Environmental groups hailed the U.S. Supreme Court’s rejection of an appeal challenging a federal rule that bars development on 50 million acres of roadless areas in national forests in Utah and elsewhere, ending one of the main legal battles that had left the rule in doubt for more than a decade.
“We thought the 10th Circuit Court got it exactly right when it recognized the authority of the Forest Service to protect roadless areas,” said Heidi McIntosh, associate director of the Southern Utah Wilderness Alliance, about the lower court’s decision that upheld the rule. “You hear a lot of rhetoric about how these federal lands are for multiple use, and it is the guiding principle, but it does not require mining and drilling everywhere. Multiple use includes no use and federal authorities have a right to protect these areas.”
The justices said Monday they will leave in place the 10th Circuit Court’s decision in the case brought by the state of Wyoming and the Colorado Mining Association that upheld the so-called roadless rule that took effect late in the presidency of Bill Clinton.
Supporters of the rule said the nation’s forests need protection from development to preserve forested areas that provide wildlife and natural resource habitat for hunting, fishing and recreation as well as other benefits. They note the rule has exceptions to allow logging in order to protect the forest from severe wildfires and for public safety.
In their challenge to the rule, Wyoming and the Colorado Mining Association said closing so much forest land to development has had serious consequences for residents of Western states and the logging, mining and drilling industries.
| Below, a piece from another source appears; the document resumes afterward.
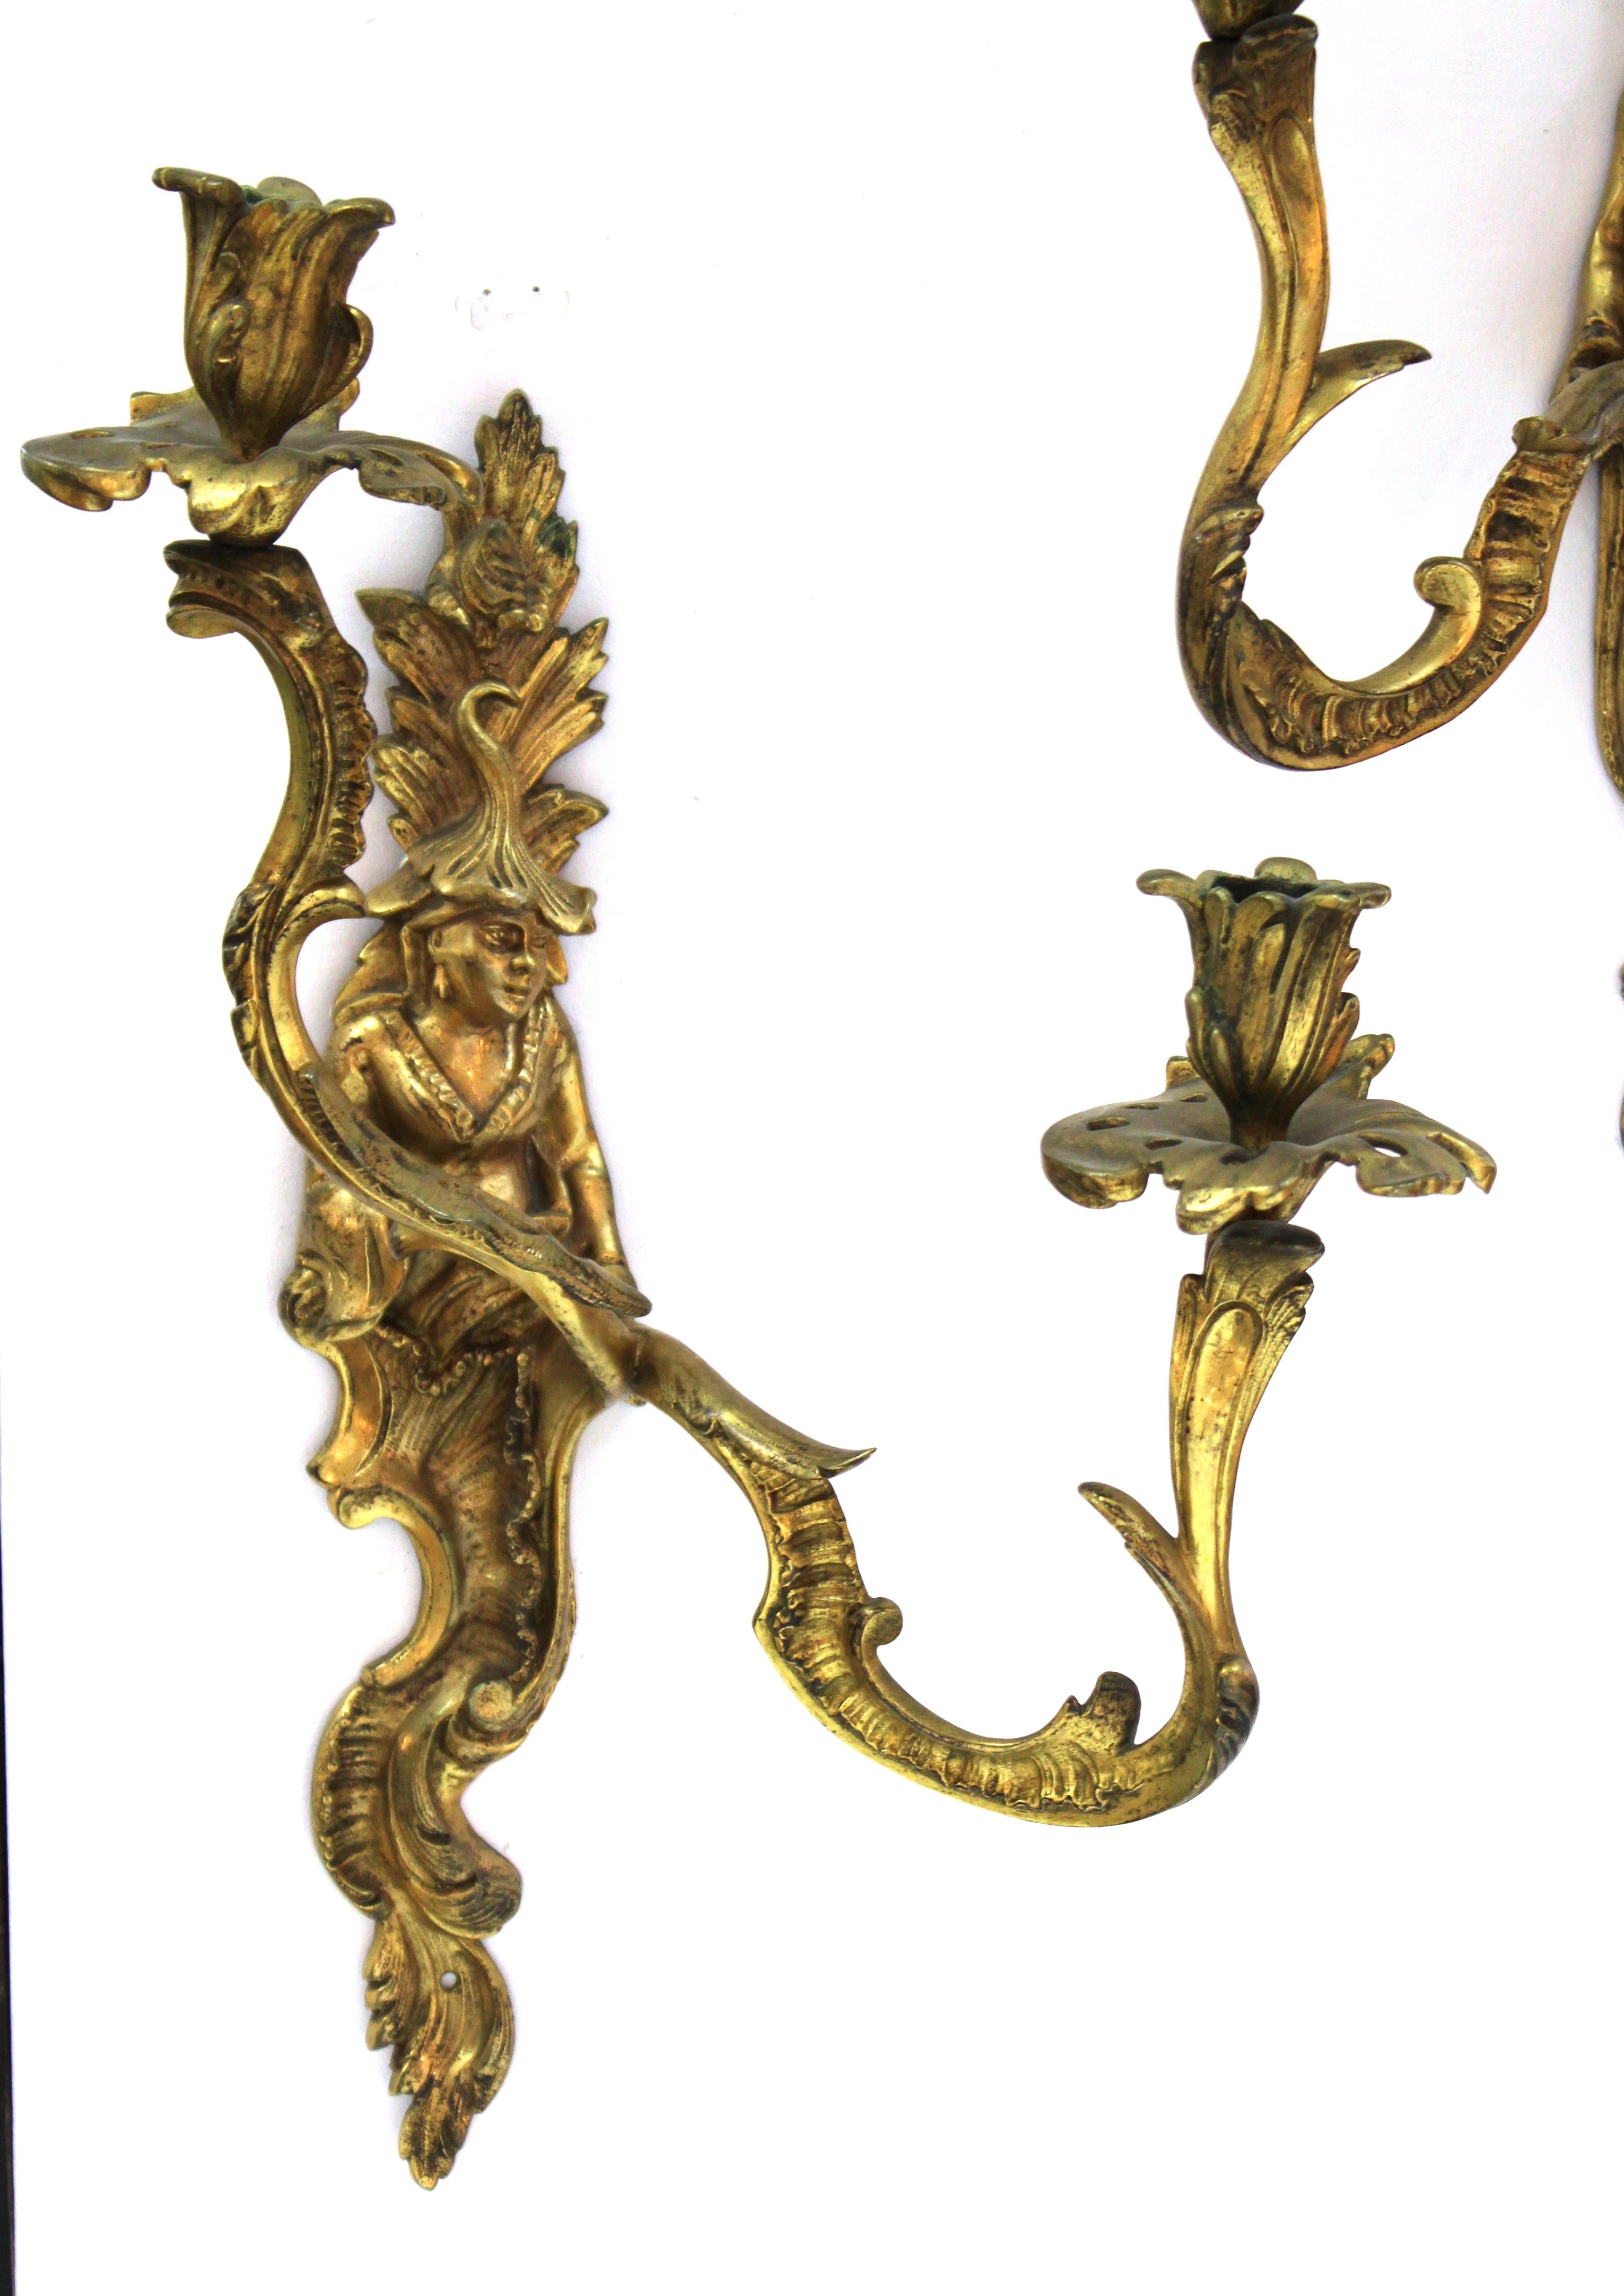 Chinese Chippendale style pair of bronze wall sconces with chinoiserie figures on the back plates. Elaborate foliage and a pair of rocaille arms complete each sconce. Made in the 19th century, the pair is in great antique condition with
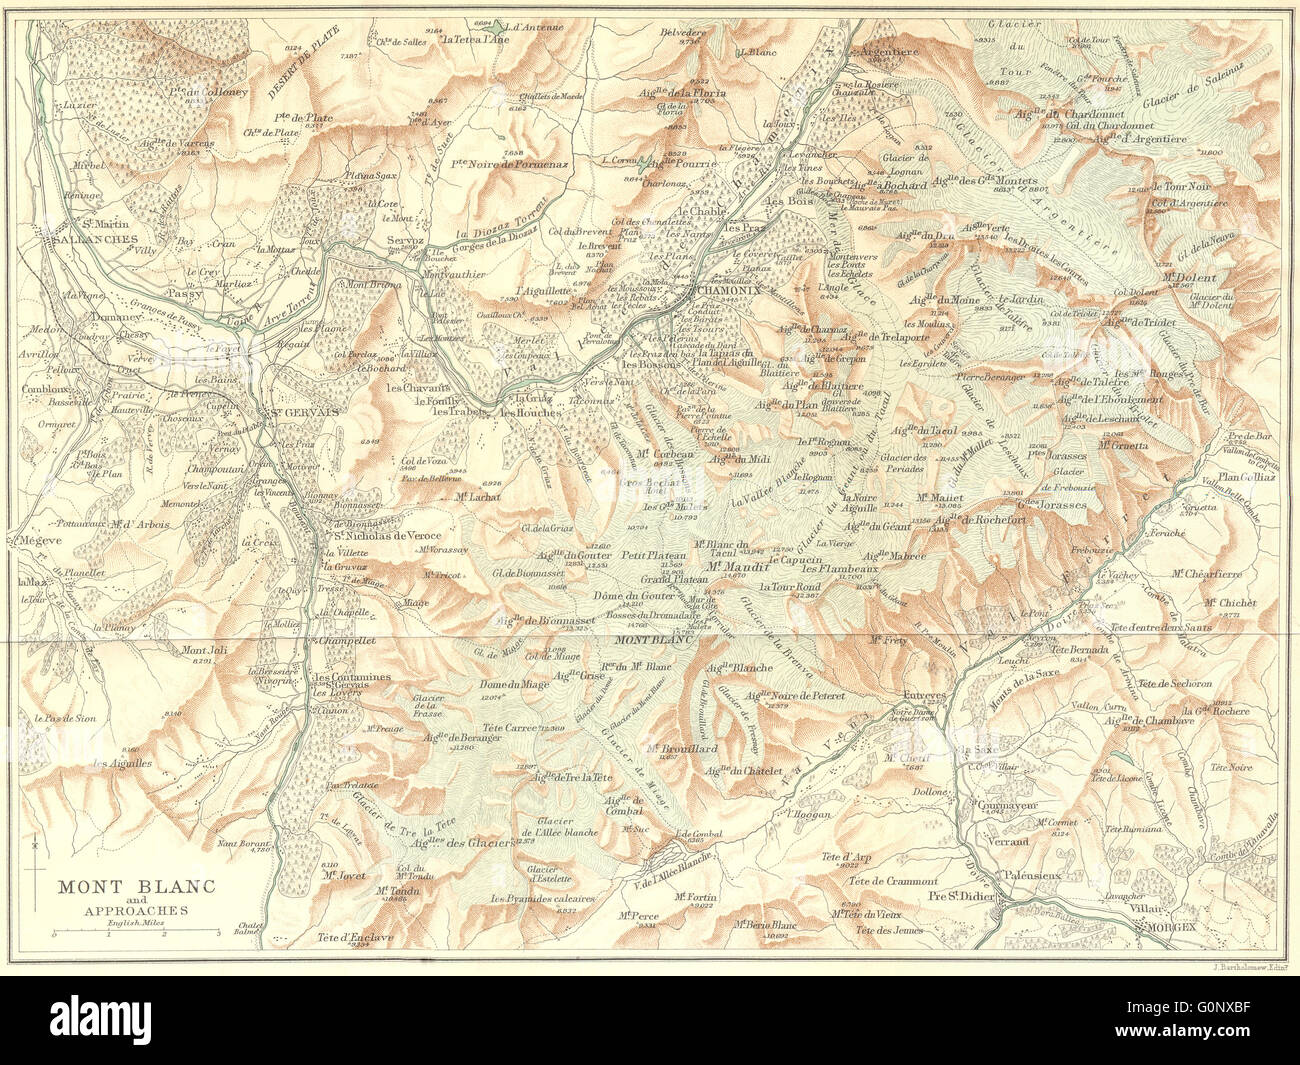 FRANCE: Mont Blanc & Approaches, 1899 antique map Stock Photo

The challenge centered on the contention that the U.S. Forest Service essentially declared forests to be wilderness areas, a power that rests with Congress under the 1964 Wilderness Act.
Colorado news reports said the long list of organizations that had asked the U.S. Supreme Court to take the case included the Utah Mining Association, the National Mining Association, the American Petroleum Institute, the National Cattleman’s Beef Association and the American Forest Resource Council; and the eight states filing amicus briefs were Utah, Alabama, Alaska, Arizona, Michigan, North Dakota, South Dakota and Virginia.
Alan Matheson, environmental adviser to Gov. Gary Herbert , said Utah will continue to work with federal land management agencies to make sure the lands are being managed appropriately.
“We all benefit from healthy lands. The concern is that the forests haven’t been as managed as well as maybe they should have been,” Matheson said. “We want the flexibility to be able to manage the forests to deal with beetle kills, forest fires and etc. Forests provide clean water, wildlife, recreation opportunities and resources. We share in the goal of protecting those natural resources.”
National environmental groups applauded the ruling.
“The Supreme Court action validates arguably one of most important public land conservation polices in a generation,” said Jane Danowitz, director of the Pew Environment Group, which has worked on the rulemaking since 1998. “Without the roadless rule and its national standard of protection these millions of acres of pristine forest land could be opened to a variety of development, including logging, mining and drilling.”
“We’re glad the Supreme Court put the final nail in the coffin of Wyoming’s case,” said Tim Preso, an attorney with the environmental law firm Earthjustice.
The decision means there’s just one more legal challenge pending against the rule. The challenge filed by Alaska is pending in federal court in Washington, D.C.
Danowitz expressed confidence that Monday’s Supreme Court decision would mean the demise of the Alaska challenge as well.
“When you get an action by the highest judicial body in the land that validates the roadless rule that bodes well for any future litigation,” she said.
Wyoming Gov. Matt Mead said restrictions on 3 million acres of national forest in the state would have economic consequences for the state, which relies heavily on the mineral extraction industry.
“While I am disappointed in the decision, I am ready to move on continuing to work with the (U.S.) Forest Service about these concerns,” Mead said in a short statement.
The U.S. Forest Service currently manages more than 190 million acres of land used for multiple purposes that must comply with strict rules on land use changes spelled out in the federal Wilderness Act and National Environmental Policy Act.
The roadless rule enacted under Clinton in 2001 had been upheld earlier by both the Denver-based 10th U.S. Circuit Court of Appeals and the San Francisco-based 9th U.S. Circuit in separate cases.
The 10th Circuit overturned Cheyenne-based U.S. District Judge Clarence Brimmer who had decided the rule created a de facto wilderness area.
The years of legal wrangling led to a variation of the national rule in Colorado, which developed its own regulations for the state’s 4.2 million acres of roadless areas. Its regulations, approved by U.S. Agriculture Secretary Tom Vilsack in July, are less stringent, allowing more flexibility to allow for the thinning of forests to help ski resort expansion and coal mining in the North Fork region.
Colorado Mining Association President Stuart Sanderson said the Supreme Court action is disappointing but limited development of coal in some Colorado national forest areas will continue. “The mines in this region employ more than 1,000 workers, those jobs must be preserved,” Sanderson said.
Tribune reporter Brett Prettyman and the Summit (Colorado) Business Journal contributed to this story.